Sie arbeiten im gleichen Frequenzbereich und unterscheiden sich nur in der Geschwindigkeit: b kann maximal 11Mbit/s (22Mbit/s bei entsprechenden Geräten) und g kann bis zu 54Mbit/s (108Mbit/s bei entsprechenden Geräten). Einschränkungen treten auch bei der Menge der Funksignale auf, bei der Wlan ohne Probleme funktionert. Maximal 3Kanäle (verschiedene Frequenzen im Frequenzbereich die genormt sind) können ohne Störungen nebeneinander betrieben werden. Auch können Microwellen, die nicht mehr richtig abgedichtet sind praktisch alle Netze im Umkreis abschießen (absichtliche Störung ist übrigens strafbar).
Dann gibt es noch verschiedene Schnittstellen: PCI (Anschluss von etwa Soundkarten, Modems; immer intern im PC; nicht für Notebooks geeignet), USB (Sticks, extern am USB-Port  ; bei Notebooks ohne freien PCMCIA empfehlenswert), PCMCIA (recht bequeme Variante für Notebooks)

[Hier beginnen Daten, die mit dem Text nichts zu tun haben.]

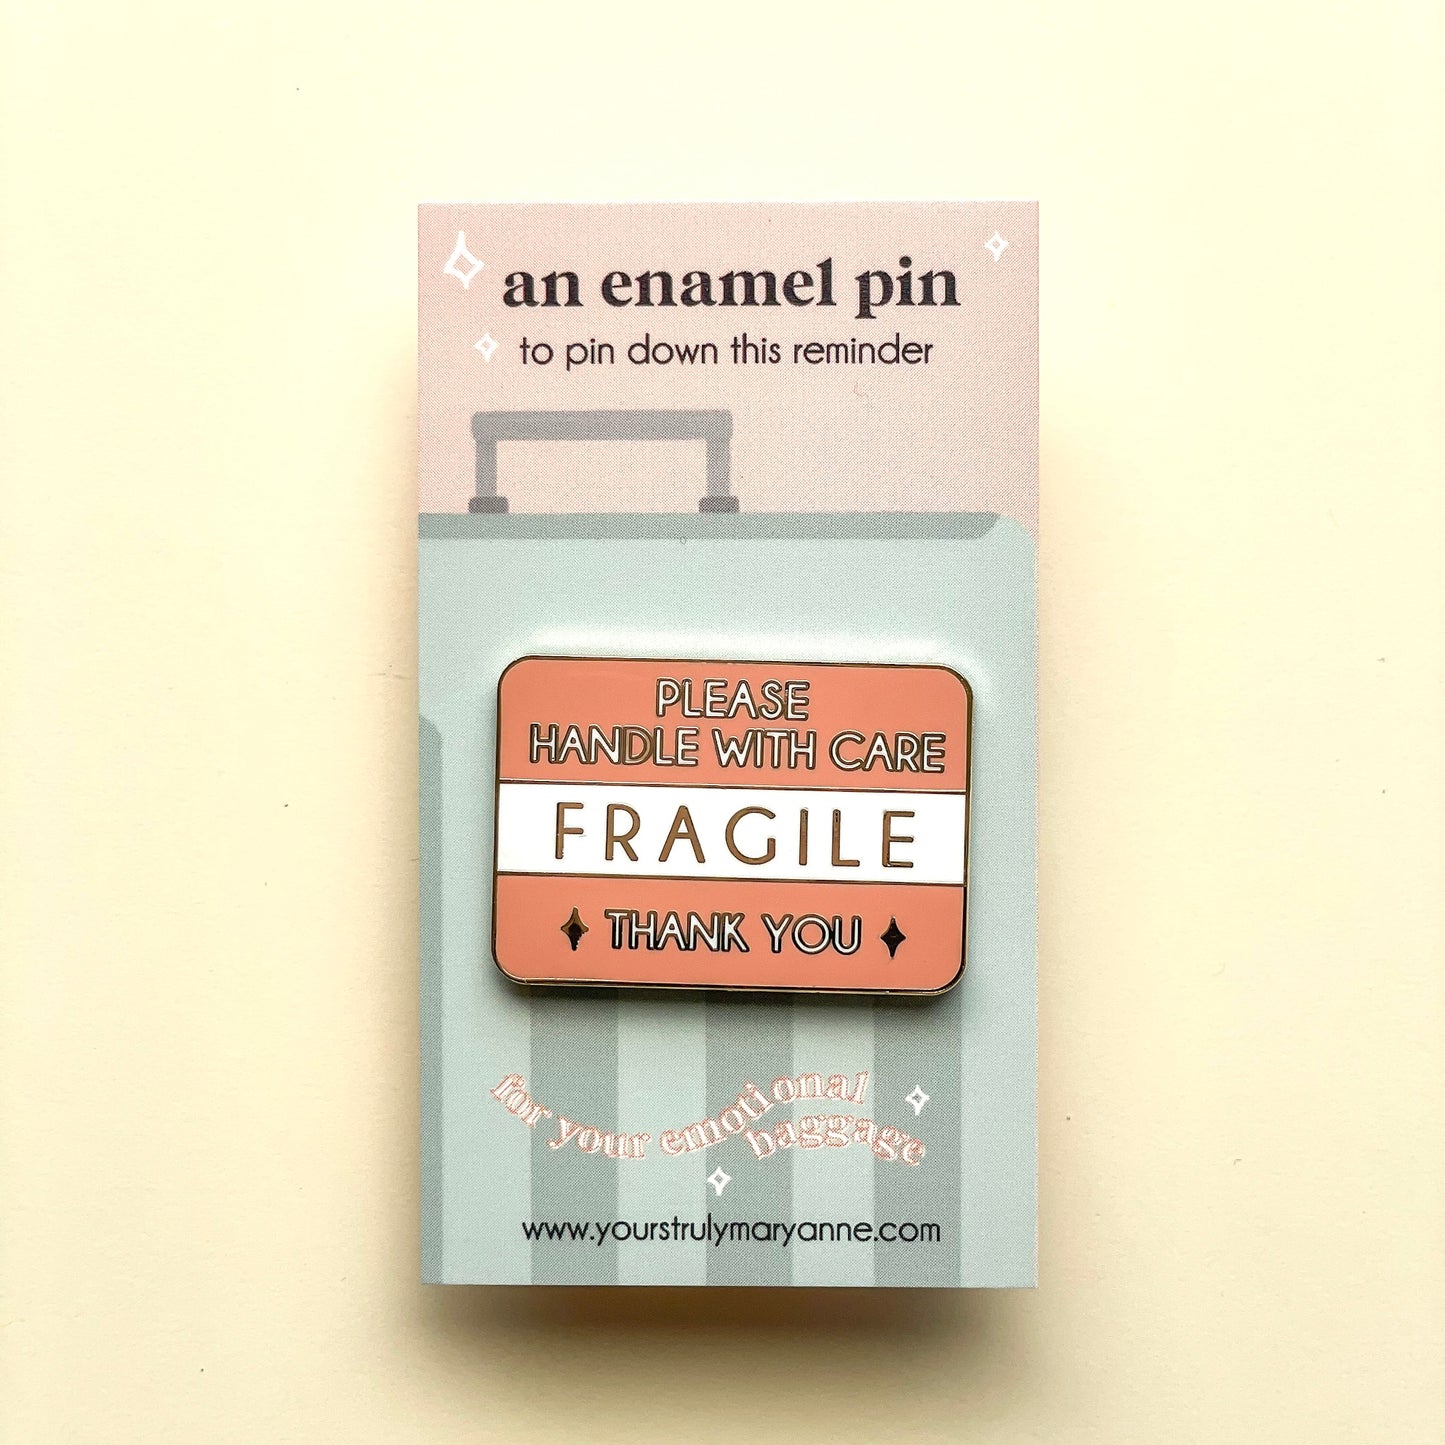 Fragile, Handle with Care Enamel Pin

Anzumerken wäre evtl. noch, dass die Quallität der Verbindung je nach verwendeter Treiberversion variieren kann und dass unter Linux etwa einige USB-Sticks nur eingeschränkt funktionieren. Für stationäre PCs ist generell PCI zu empfehlen, da USBs nicht grad ultimativ sind.

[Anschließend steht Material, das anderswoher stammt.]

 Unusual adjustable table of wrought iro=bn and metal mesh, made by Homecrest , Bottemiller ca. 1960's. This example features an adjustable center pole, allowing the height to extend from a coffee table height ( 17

Achja: noch zum vergleich: die meisten Ethernet-Netzwerke arbeiten mit 100MBit.

Und noch was: Wlan nutzt wie alle Funktechniken Hertzsche Wellen, die von Leitern (Metall) absorbiert werden. Solltest du in einer Wohnung mit Stahlgittern in den Wänden wohnen hast du keinerlei Chance ein Wlan aufzubauen. Und wenn möglich ist es einfach zu bevorzugen ein Kabel zu verlegen. Das kostet im Endeffekt maximal genau so viel.


----------



## Mister master (8. Mai 2007)

Das heißt: eine Wlan Karte für den PC heißt einfach PCI Wirelesslan Karte und wird wie ne Soundkarte angesteckt?


----------



## Anime-Otaku (11. Mai 2007)

PCI Karte oder einen USB Stick, wobei du darauf achten solltest, dass die Karte alle nötigen Verschlüsselungsstandards unterstützt WPA/WPA2. Es gibt Karten die unterstützten nur das leicht knackbare WEP.

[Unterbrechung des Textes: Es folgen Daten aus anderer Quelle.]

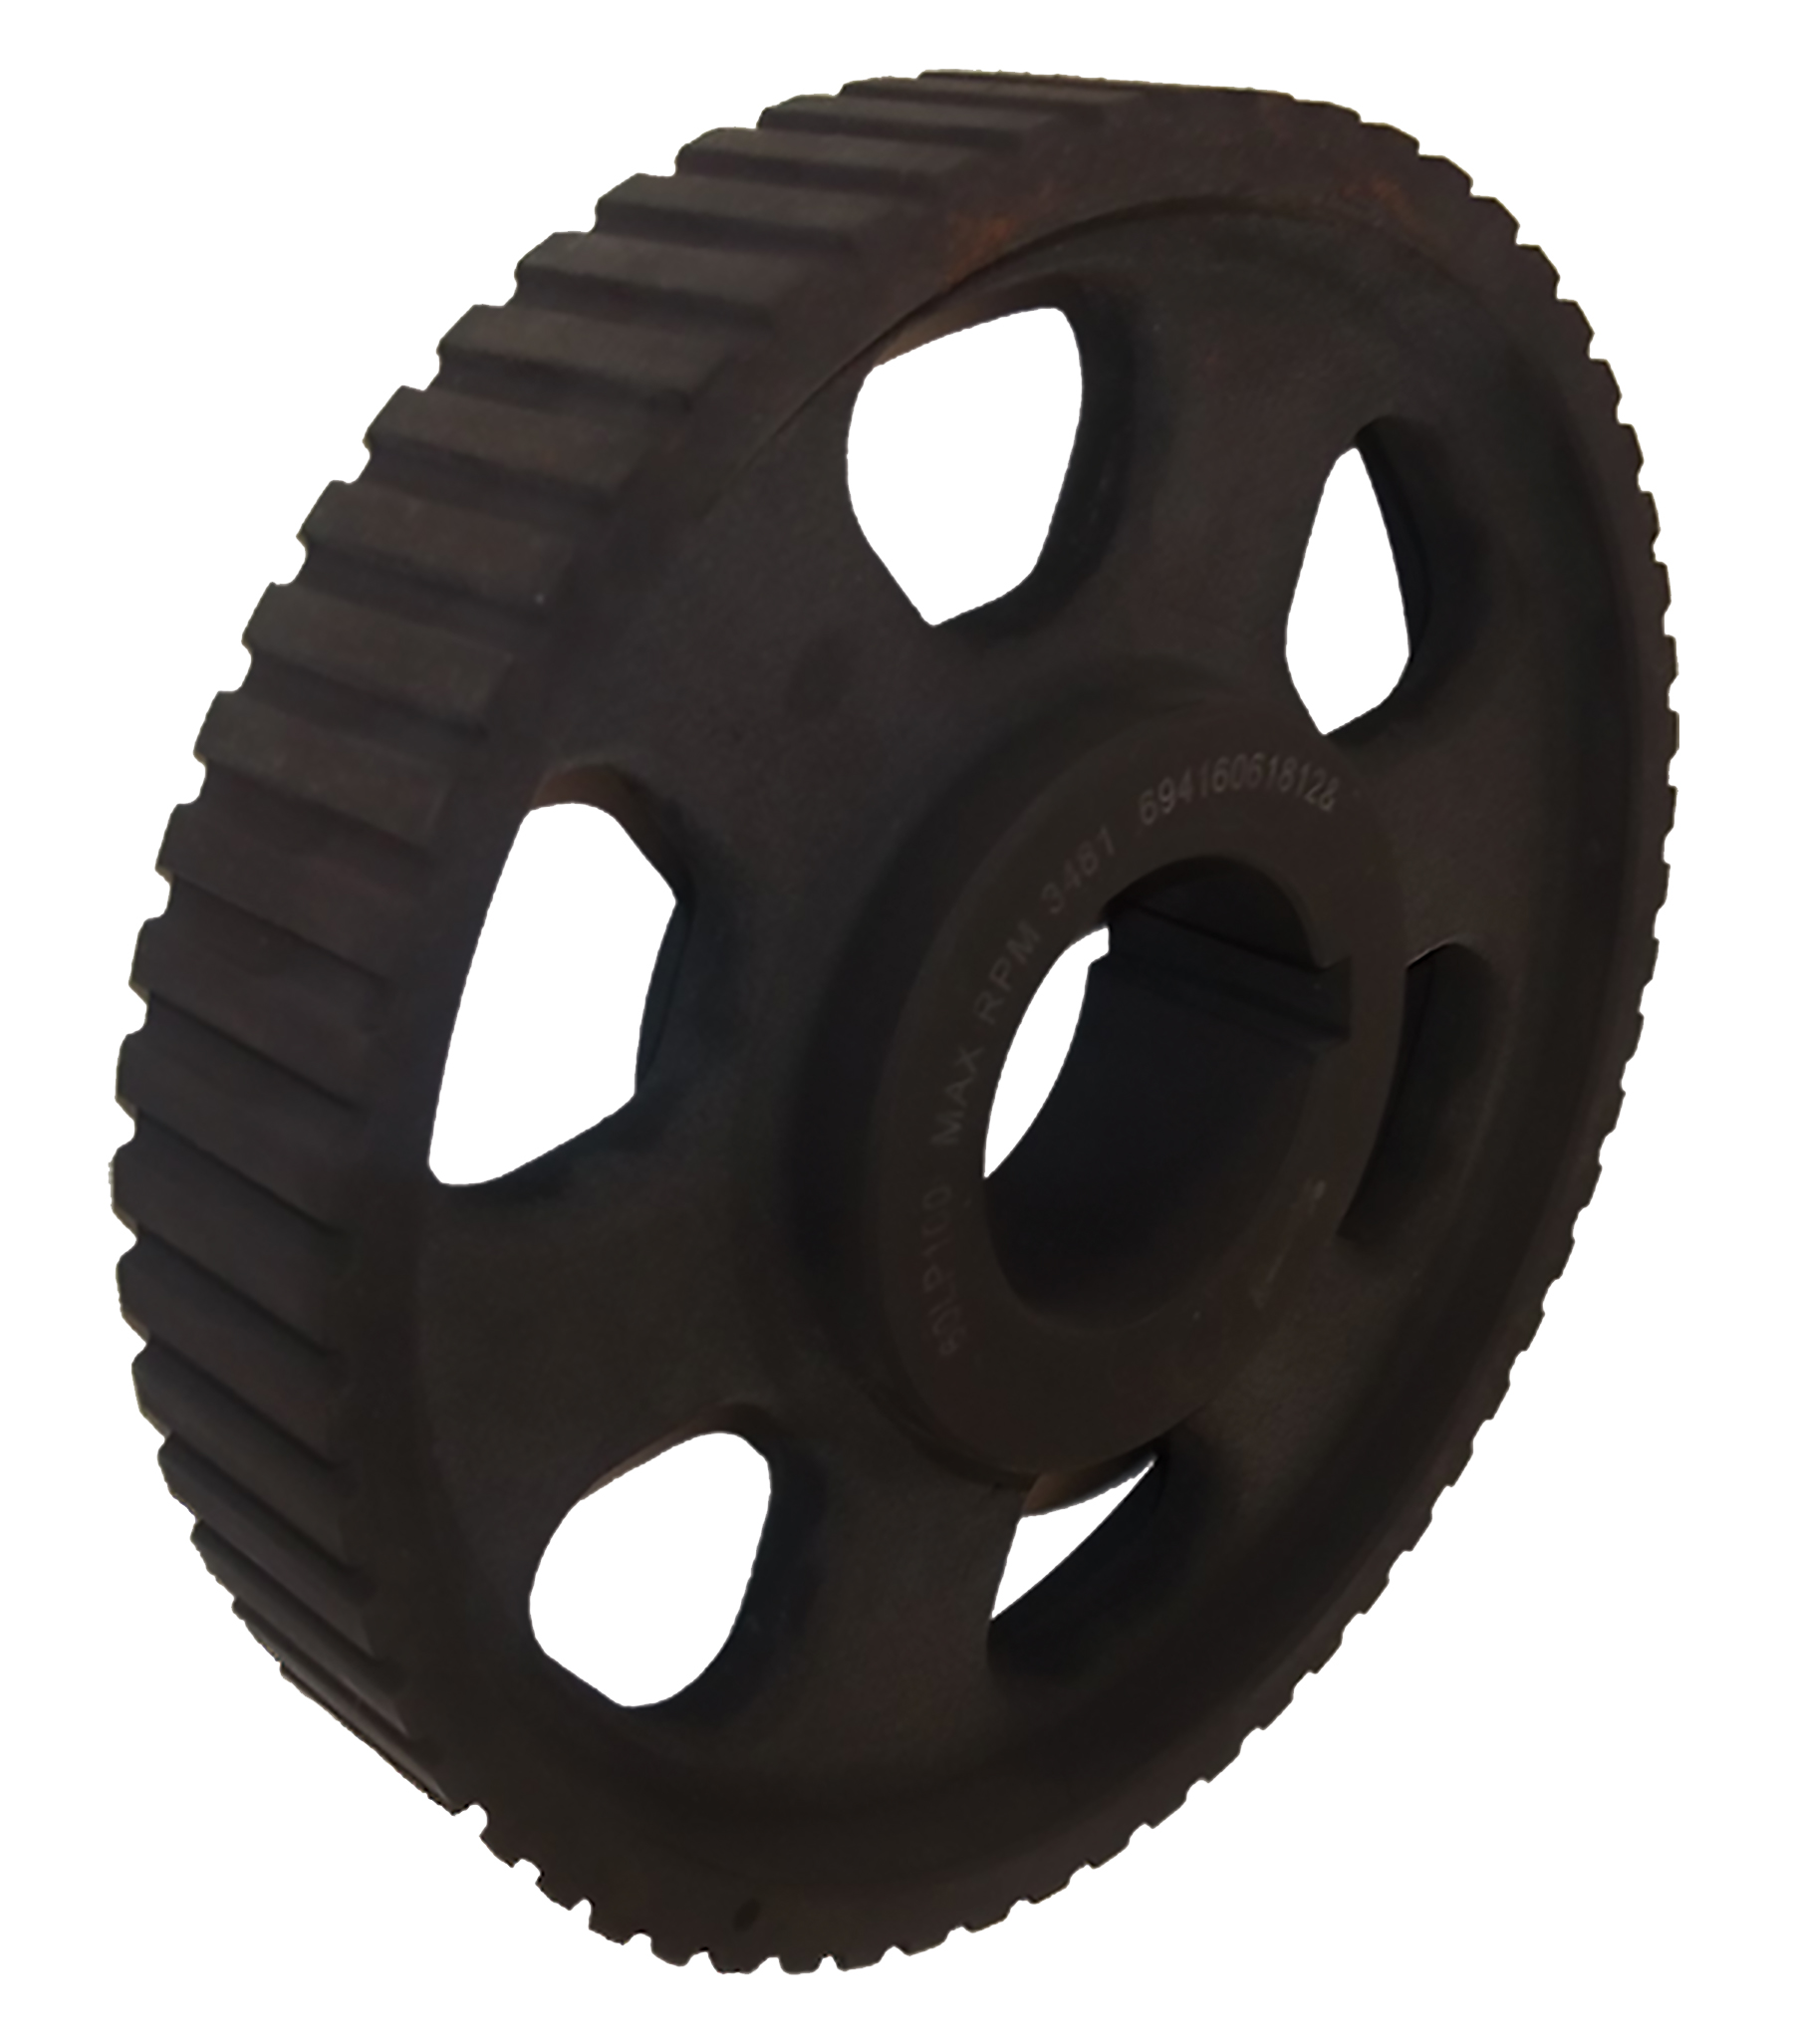 96LP100 - Cast Iron Imperial Pitch Pulleys

Wenn du PCI holst musst du vorher deinen PC aufschrauben, ob du überhaupt noch einen Steckplatz frei hast. (Die Grafikkarte belegt den PCI Steckplatz darunter meistens noch mit.


----------



## Raubkopierer (11. Mai 2007)

Anzumerken sei hier, dass du vor Gericht bist weil jemand dein Wlan gahackt hat und du WEP hattest laut Gesetz selbst schuld bist, weil WEP nicht mehr als wirkungsvoller Schutz gilt... sicher ist WPA und noch besser WPA2.


----------



## Radhad (12. Mai 2007)

Minimal sollten alle Geräte 54 MBit/s unterstützen, damit die Datenübertragung auch schnell genug ist. Wenn 2 PC's / Notebooks allerdings große Daten austauschen, geht die Bandbreite tierisch in die Knie...


----------



## Raubkopierer (12. Mai 2007)

Was abhängig von der Verbindungsquallität ist... naja... Über Wlan Daten verschicken suckt... kauf dir lieber nen Kabel und verleg das wenn der PC schon nicht bewegt wird... 1Meter Cat7 kostet 66Cent... Cat6 und 5 liegen entsprechend niedriger... Für Übertragungsraten von 1Gigabit wird Cat6 empfohlen wobei das über kurze Distanzen (ca. 100Meter) auch mit Cat5 geht.


----------